The detective thread searching for the man who stole the film is central to the narrative that unfolds, takes Tan around the world, and is of course of the zeitgeist in reminding us how often female stories are drowned out by grasping men. How satisfying its investigative denouement truly is remains up for debate, as the film does lose steam. Likewise, the necessity to ramp up the significance of the lost film is at times cloying, veering on self-importance. This is not quite the missing reels of The Magnificent Ambersons. Although it’s impossible to judge their film in absentia, it looks a lot like it was the work of imaginative adolescents who knew more of cool aesthetics (clearly Tan and her friends gorged on Jim Jarmusch, David Lynch, and 1980s French cinéma du look) than of the complexities of real life (the latter being the raw material of any great film).

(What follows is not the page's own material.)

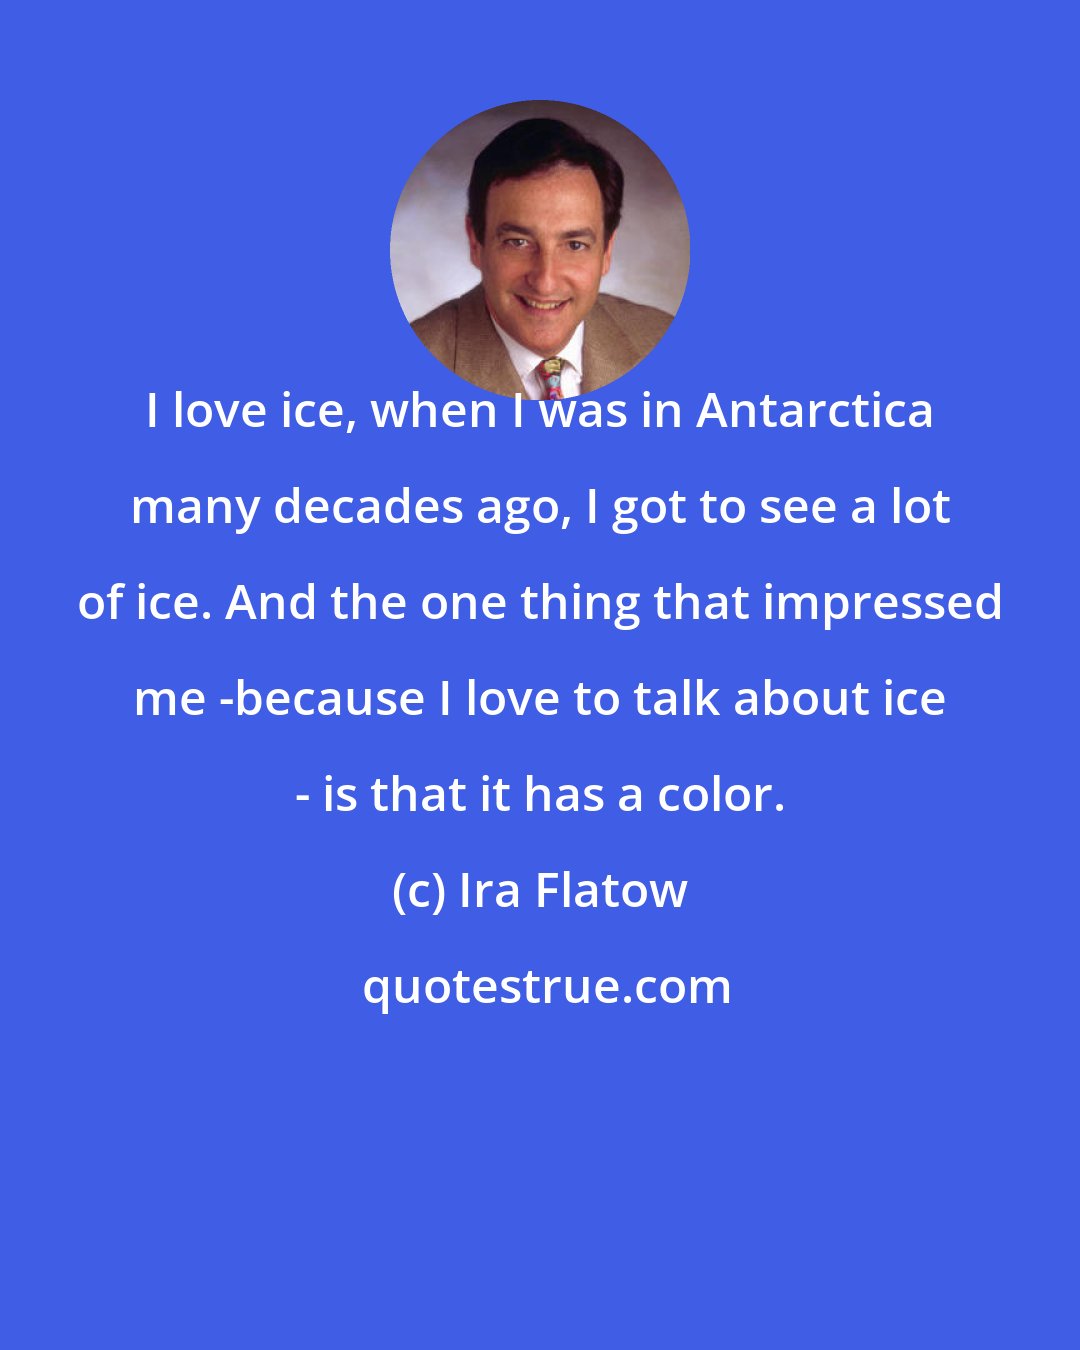 Ira Flatow: I love ice, when I was in Antarctica many decades ago, I got to see a lot of ice. And the one thing that impressed me -because I love to talk about ice - is that it has a color.

All that said, where Shirkers works best is in its contagious spirit of rebellious creativity, especially in the descriptions of the young friends’ punk-ish guerrilla filmmaking in a nation as conservative and conformist as Singapore. It becomes an ode to the teen spirit of artsy outcasts anywhere, and their defiant willingness to unleash their creative forces wherever. And, even if there may be weird men who’ll steal your film, there are also countless kindred spirits to connect with, an inspiring note that resonates through the film — be it Tan finding other filmmakers who were in the same boat or the local Singaporean underground cultural scene where people like Philip Cheah supported and encouraged her endeavour.
Cheah, one of many talking heads in the doc, is a noteworthy figure whose ethos can serve to sum up Tan’s movie. A writer, critic, programmer and all-round film and music buff who often wrote about movies and records that were not yet available in Singapore, Cheah’s oft-repeated motto (which he often told Tan herself) was that he aimed to “create a desire” for what like-minded Singaporeans couldn’t yet access. In other words, knowing that sowing that seed will eventually reap its own form of harvest. Sandi Tan achieves the very same, creating the desire in us to see her lost film which is not quite available, and is this not also after all what unites a subculture of cinephiles, of art-minded folk, of anyone who feels slightly different from those around them, into reading, thinking about, and prolonging the experience of films or art even long after the experience of seeing them?